Groovy is an object-oriented scripting language that was created by Apache Foundation for the Java platform. It appeared first in 2003, however, the first stable release (Groovy 1.0) came out only in 2007. Since then, it has been used by companies such as Netflix, Linkedin, Airbus, and Mastercard.
Groovy is dynamically compiled to Java bytecodes, therefore it seamlessly integrates with any Java library. If you’ve already programmed in Java or any other languages that uses the curly-bracket syntax you can learn Groovy relatively quickly.
Mozilla declares Rust’s main goals as taking full advantage of modern multi-core processors. Rust focuses on performance and memory safety, it prevents segmentation faults and comes with an easy-to-learn syntax. The list of its corporate users is impressive as well, with names like Dropboxs, Telenor Digital, Coursera, and SmartThings.
Elixir is a functional programming languages with which you can build real-time distributed applications. Elixir was created in 2011 by a core Ruby contributor with the aim of addressing Ruby’s issues with writing concurrent code. The explicit goals of the new language was to “improve the performance of Rails applications running across multiple CPUs” (see more in CodeSchool’s blog posts).
Elixir is a great choice for programming network application and high-availability systems such as banking software, and for data processing. Elixir programs run on the Erlang Virtual Machine (BEAM) and compiled to Erlang bytecodes. As a result, Elixir developers have full access to Erlang’s ecosystems, too.
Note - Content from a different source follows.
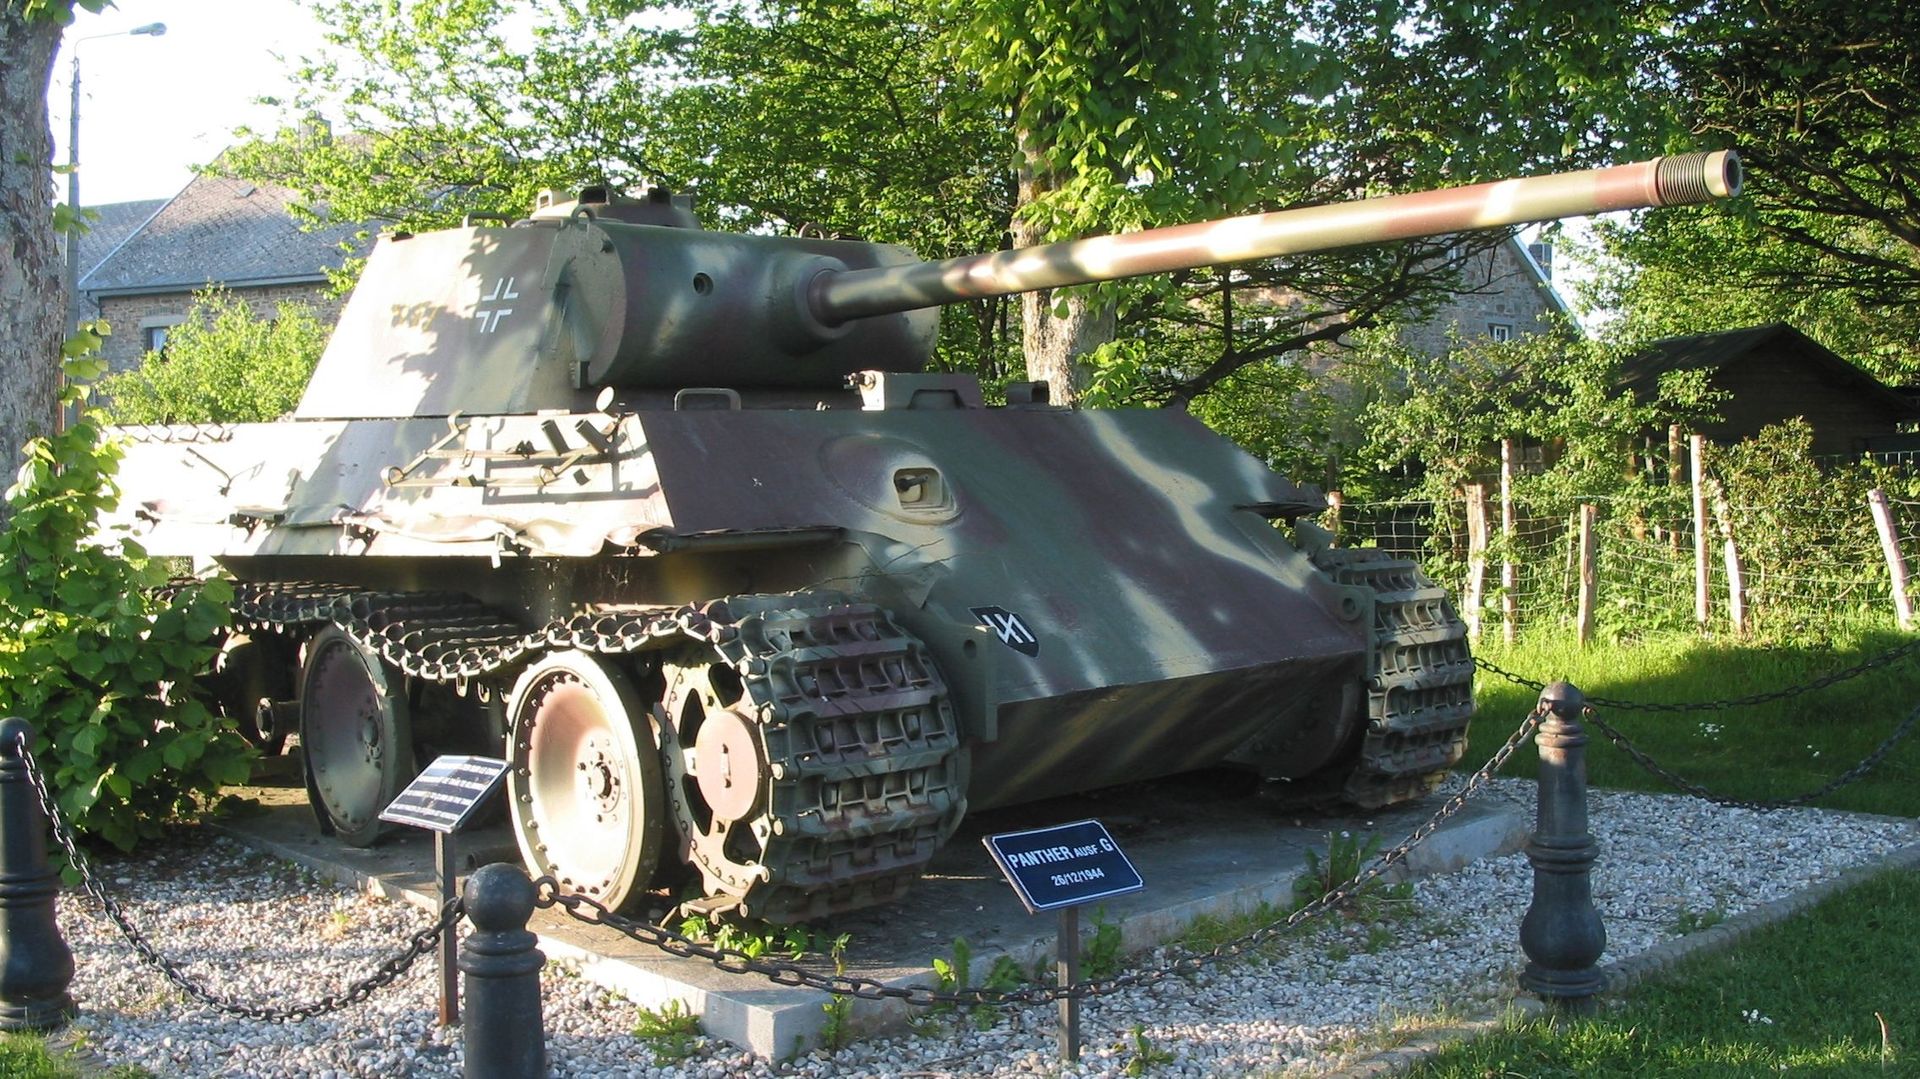 Un char allemand "Panther" a Grandmenil, détruit durant la Bataille des Ardennes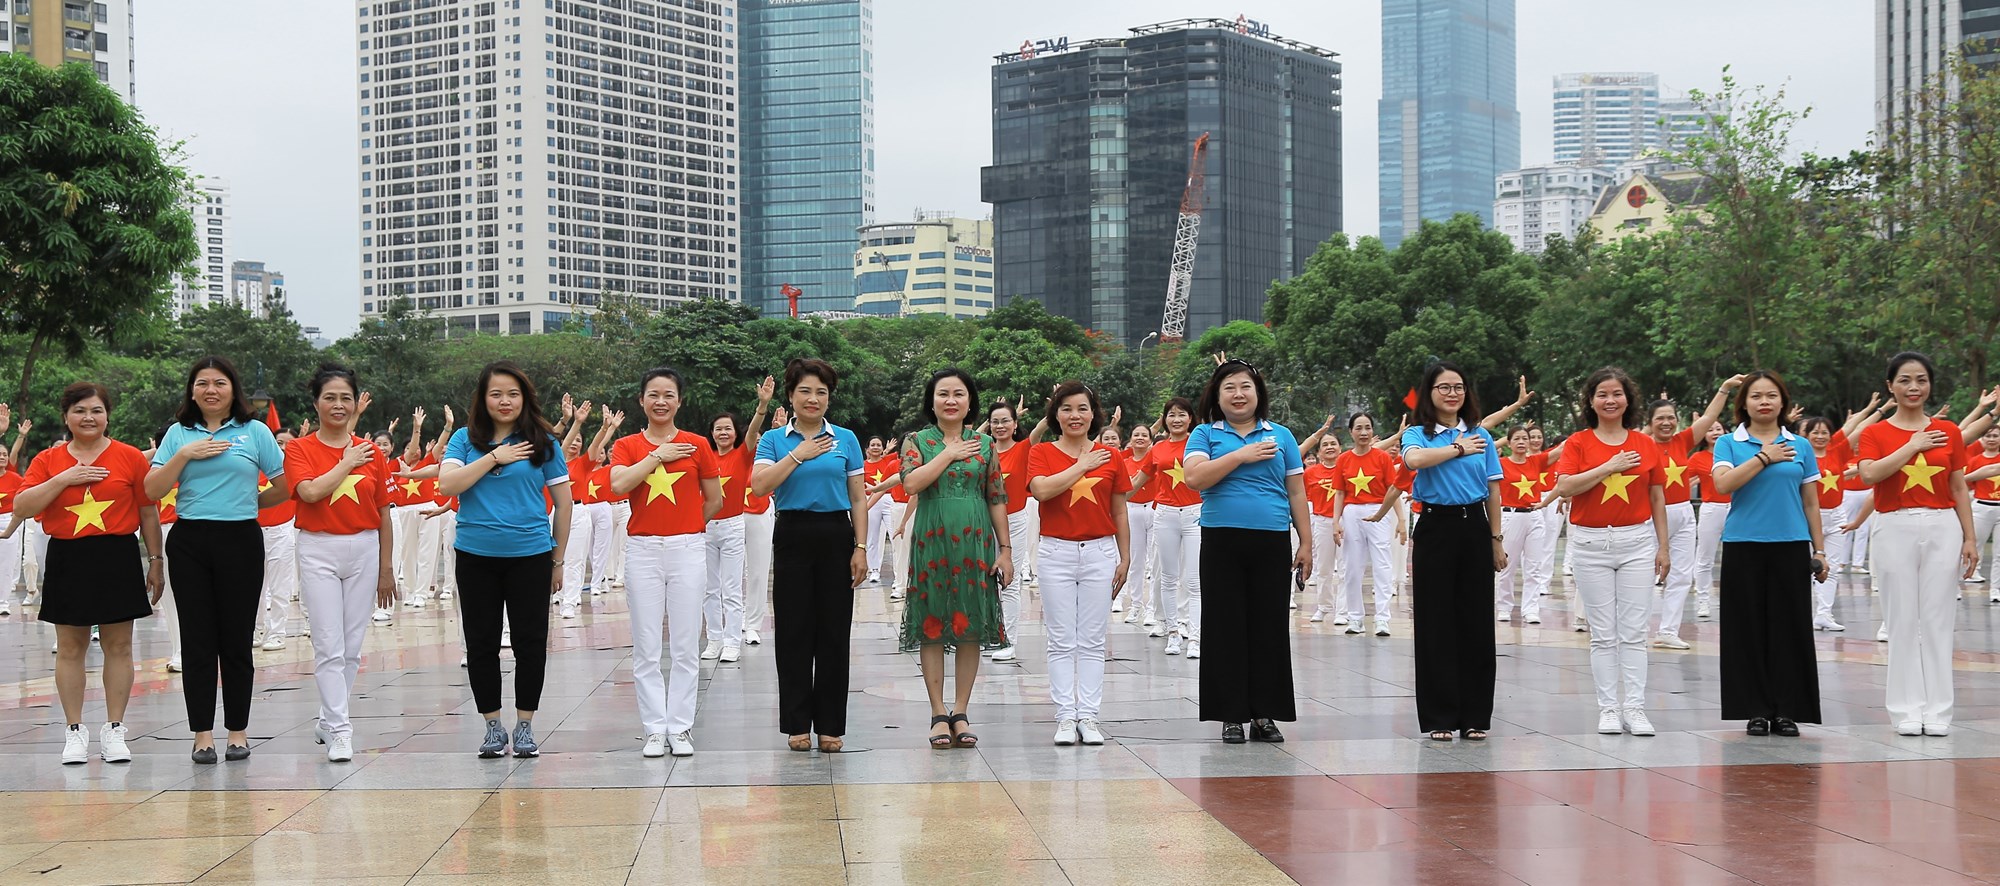 Phụ nữ Cầu Giấy rực rỡ sắc màu đồng diễn dân vũ mừng Chiến thắng Điện Biên Phủ - ảnh 1

The Go programming language was released by Google Inc in 2009, and since then Google uses it internally in many of its production systems. Go is a statically typed, concurrent, compiled programming languages that was created with the aim of managing programming issues that large organizations face with on a day-to-day based work. Therefore similarly to Java and C++, Go is scalable to large system.
The R programming language has become more and more popular in recent year thanks to the big data revolution. R is the open-source version of the proprietary S language and was created by two academic, Ross Ihaka and Robert Gentlemans, at the University of Auckland in New Zealand in the 1990s.
R can be used for statistical computing and graphics, and it allow you to accomplish tasks related to data processing, data mining, data analysis, and statistical reporting.